On the SCVMM host I cancelled the delete jobs. Turns out this did not really help as the jobs just get rescheduled. In fact it may make matters worse as the failing of jobs and their restarting seems to confuse SCVMM, took it hours before it was happy again, kept giving ‘can’t run job as XXX in use’ and losing sight of the Hyper-V hosts (needed to restart the VMM service in the end).
So I now had a copy of three network isolated VM, so I
- Created new VMs on a Hyper-V host using Hyper-V manager with the saved VHDs as their disks. I then made sure they ran and were not corrupted
- In SCVMM cleared down the saved state so they were stopped (I forgot to do this the first time I went through this process and it meant I could not deploy the stored VMs into an isolated environment, that wasted hours!)

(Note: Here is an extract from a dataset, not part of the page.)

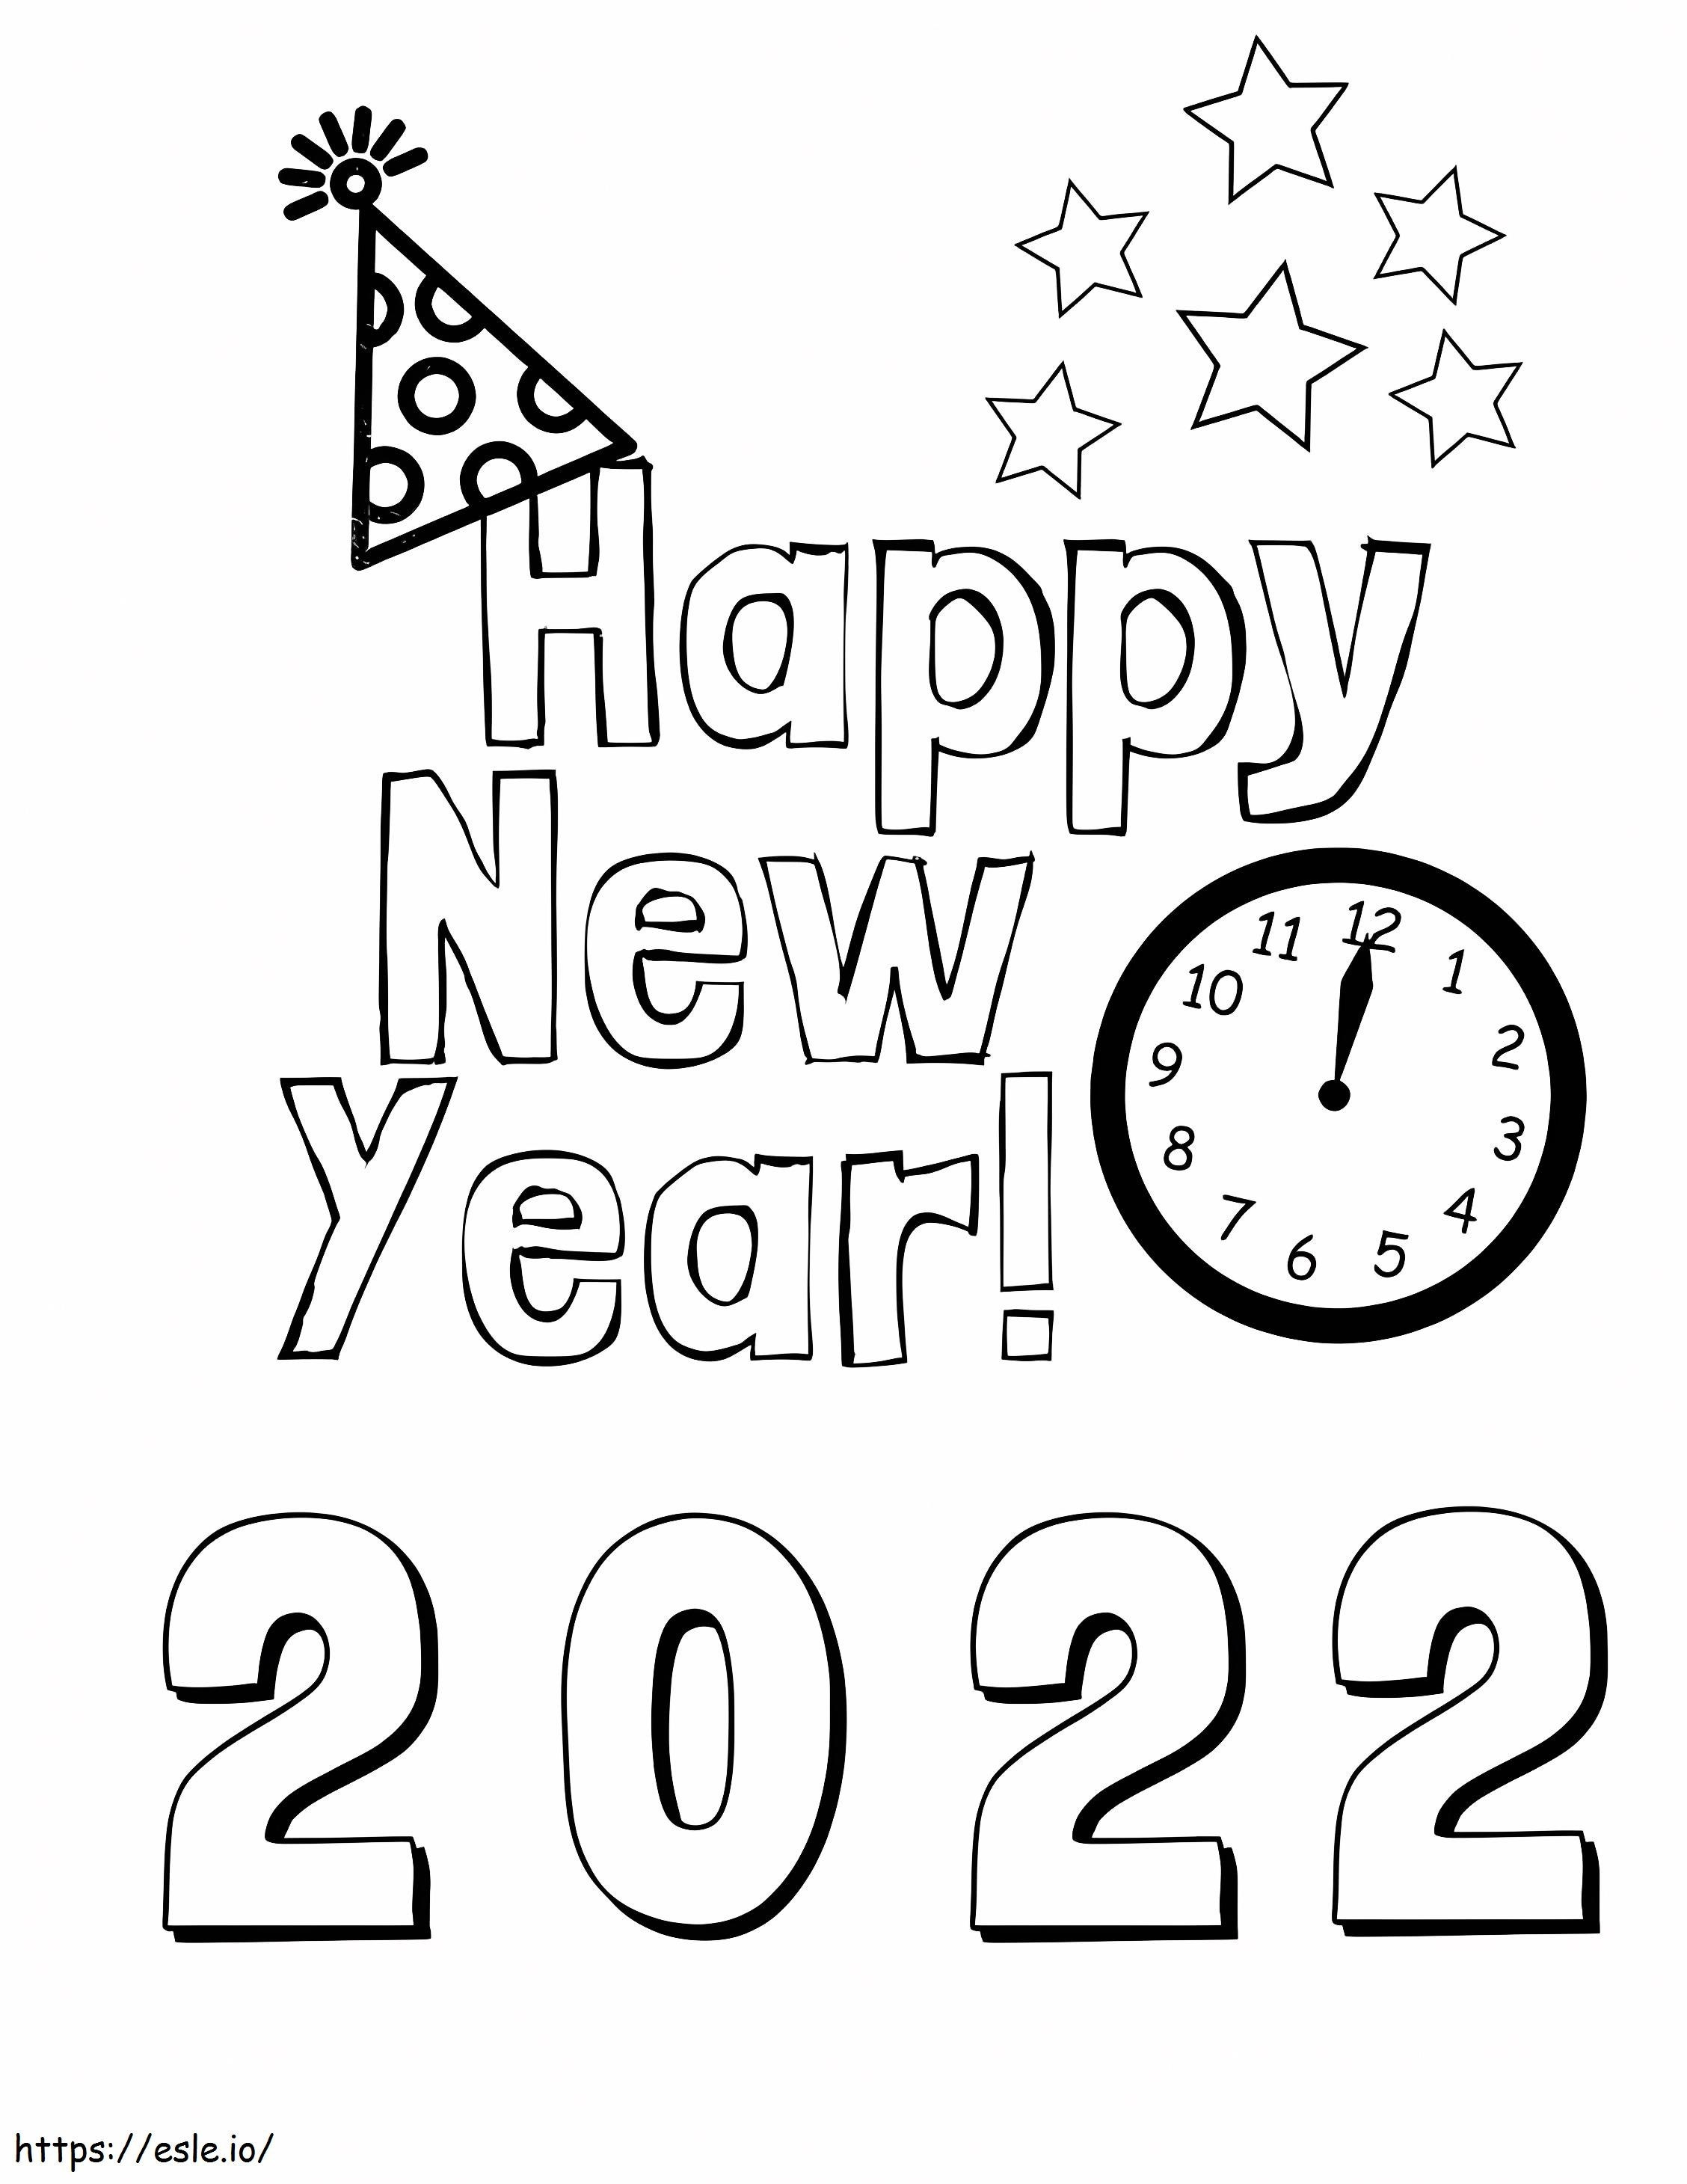 2022 Yeni Yıl 1 boyama

- In SCVMM put them into the library on a path our Lab Management server knows about (gotcha here is SCVMM deletes the VM after putting it into the library, this is unlike MTM Lab Center which leaves the original in place, always scares me when I forget)
- In MTM Lab Center import the new VMs from the library
- Create a new network isolated environment with the VMs
- Wait……………………….
When it eventually started I had a network isolated environment back to the state it was when we in effect pulled the power out. All took about 24 hours, but most of this was waiting for copies to and from the library to complete.
So the top tip is try to avoid the problem, this is down to process frankly
- Use the ‘mark a in use’ feature to say who is using a VM
- Put a process in place to manage the lab resources. It does not matter how much Hyper-V resource you have you will run out in the end and be unable to add that extra VM. You need a way to delete/archive out what is not currently need
- Read the confirmation dialogs, they are there for a reason